McQ suggested that the doctor switch him to Dilaudid.
“Time out!” Yin, the student, said, turning to the class.
“What are you struggling with?” Wlasiuk asked him.
Yin replied that he didn’t want to reward the patient’s behavior with a prescription for stronger medication, but also didn’t want to drive the patient away. “I trust the patient’s story about pain,” he said, “but I don’t want to be naive.”
Another student asked: “By increasing his dose, are you protecting him from getting the drugs off the street?”
Wlasiuk said that although medical training typically urges students to come up with absolute answers, treating these patients often means getting comfortable with ambiguity.
The students brainstormed with her and Buchheit. Some offered to raise the Percocet dose if he agreed to frequent office visits; others urged him to try physical therapy and acupuncture.
A few remembered to caution McQ about opioids. (“Percocet is an opioid?” McQ responded. “I’m not one of those people!”)
In an evenhanded tone, Chioma Anyikwa, 25, marched through McQ’s history and pain, which he had previously listed as four of 10.
“A seven-plus,” he said.
“Wow, that’s pretty high,” she said. “Did you do anything else to treat it?” Hesitantly, he spoke about sharing his girlfriend’s Dilaudid.
“In your urine screen we also saw some cocaine,” she continued. “Do you know anything about that? I appreciate you being honest with me.”
McQ looked uneasy. “It’s not gonna mess me up if I tell you?”
She shook her head. “No, we just want to help you regroup and fix the problem,” she said.
He admitted that a friend had been in town and they did a few lines for old times’ sake.
Afterward, Anyikwa braced for the group’s feedback.
“Did I talk too much?” she asked.
Two days later, Anyikwa screened actual patients.
Supervised by Wlasiuk, she spent a day at South Boston Community Health Center.
The first patient, Brooke Anglin, 28, had had a rough ride. During a turbulent relationship when she was sagged down by depression and severe anxiety, she soothed herself with opioids. After the birth of her second child, she lost both her job as a supermarket cake decorator and custody of her two children. Under Wlasiuk’s care, she gradually weaned herself off the opioids. As Wlasiuk looked on, Anyikwa began careful questioning. “How have things been going?” she asked the patient.
Not great, Anglin replied. Earlier that week she had been evicted.
“That’s a lot,” Anyikwa responded. “How are you coping?”

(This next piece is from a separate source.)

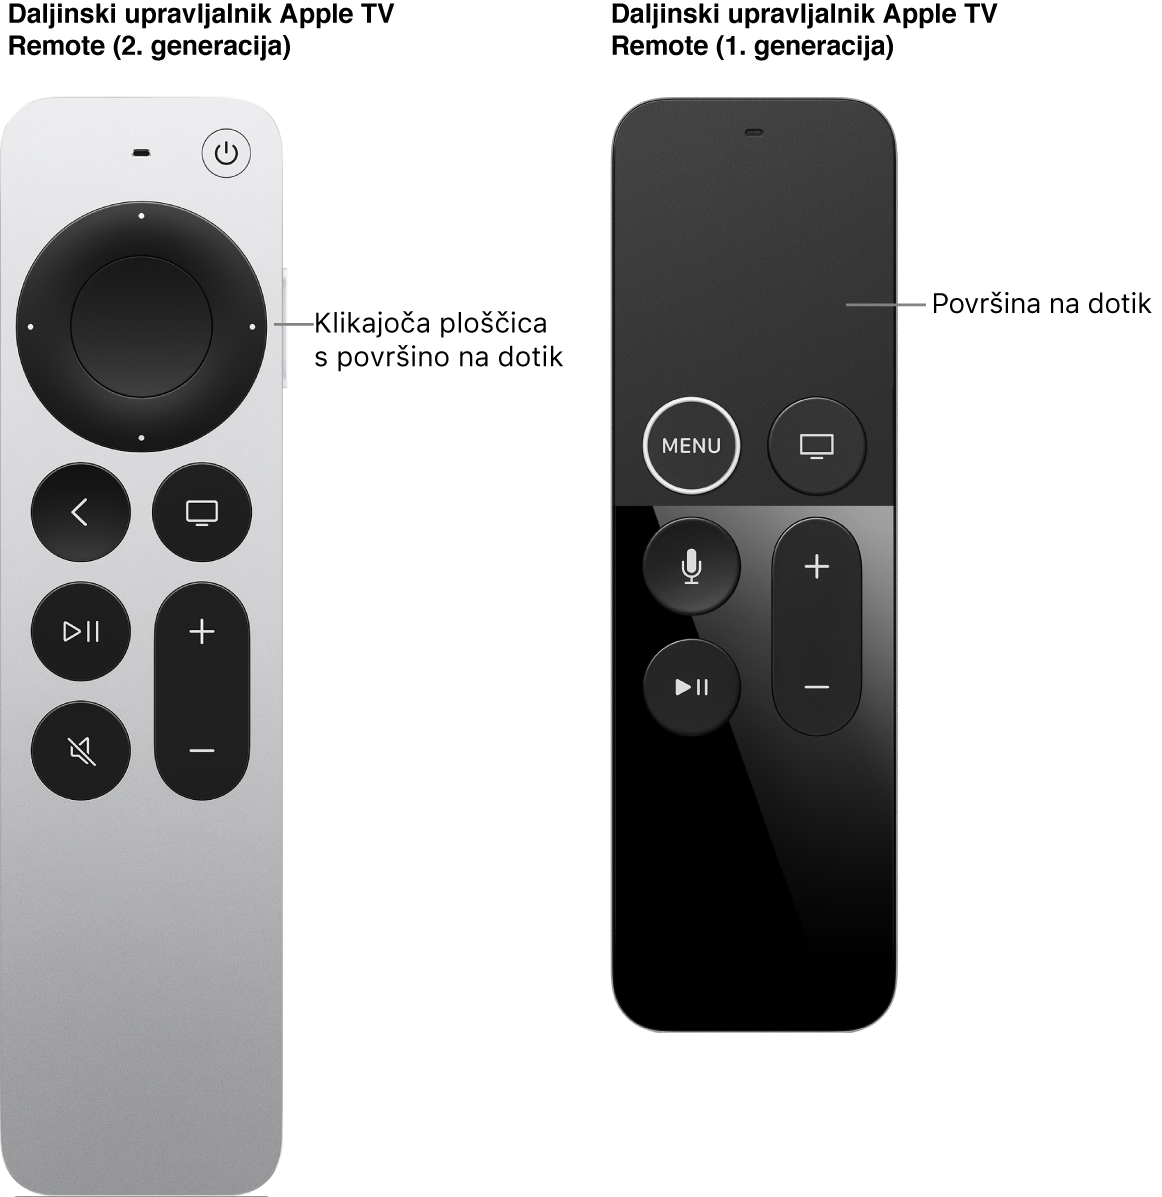 Daljinski upravljalnik Apple TV Remote (2. generacije) s klikajočo ploščico in daljinskega upravljalnika Apple TV Remote (1. generacije) s površino na dotik

Anglin said she’d had a resurgence of anxiety.
That was enough for Wlasiuk to step in. “Is your heart racing? Are you feeling panicky?”
Anyikwa watched Wlasiuk closely.
“Have you felt you wanted something for it from your friends?” Wlasiuk gently pressed. “What’s stopped you?”

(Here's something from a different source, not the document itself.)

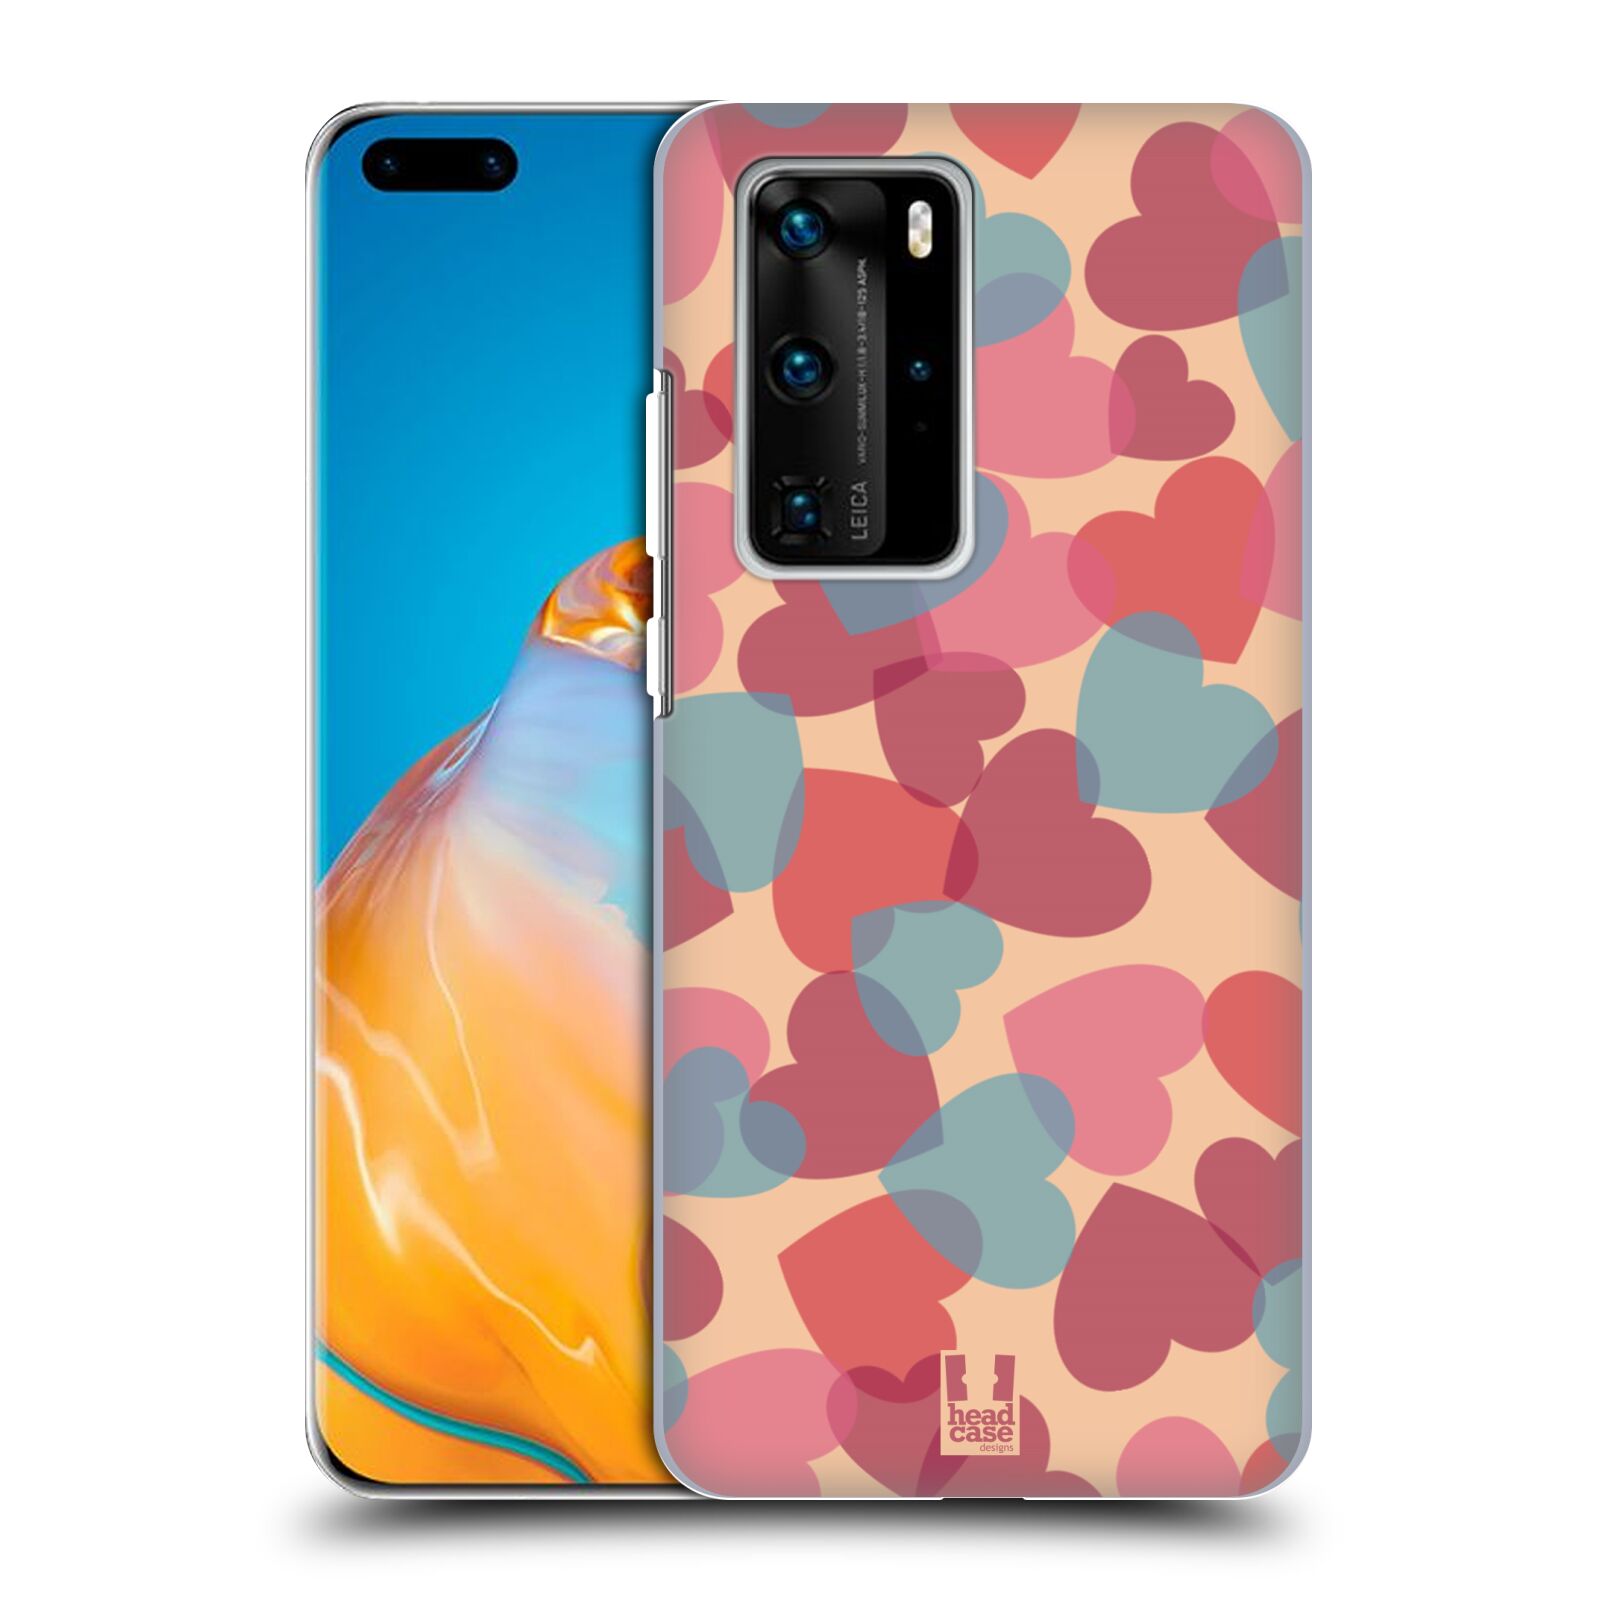 Zadní obal pro mobil Huawei P40 PRO / P40 PRO PLUS - HEAD CASE - Růžová srdíčka kreslený vzor

Anglin whispered, “I want my kids back.”
Wlasiuk grasped Anglin’s hands. “I am amazed by your strength,” she said. “I want to treat your anxiety until things settle down. What are your thoughts?”
They agreed on temporary anti-anxiety medication. Wlasiuk also taught her breathing exercises.
After the patient left, Wlasiuk remarked, “Primary care is the right place for treating substance misuse. We have the privilege of getting to know our patients well. How can you treat addiction in a vacuum?”
The next up was Sharon, 61, who brought along a toddler grandchild. Both Sharon and her daughter, the child’s mother, take Suboxone, a medication that can ease opioid craving.
Wlasiuk entered and Anyikwa started her recitation.
“Sharon has been clean for years,” Anyikwa began.
Vigilant about language and stigma, Wlasiuk interrupted her. “Clean” is eschewed by many in the field, because it implies that those in the throes of addiction are, by extension, “dirty.”
Educating new practitioners requires painstaking deconstruction of old reflexive thinking, careful building of fresh approaches.
“You mean she’s in recovery,” Wlasiuk quietly admonished Anyikwa.
“Right,” the student replied, abashed. “In recovery.”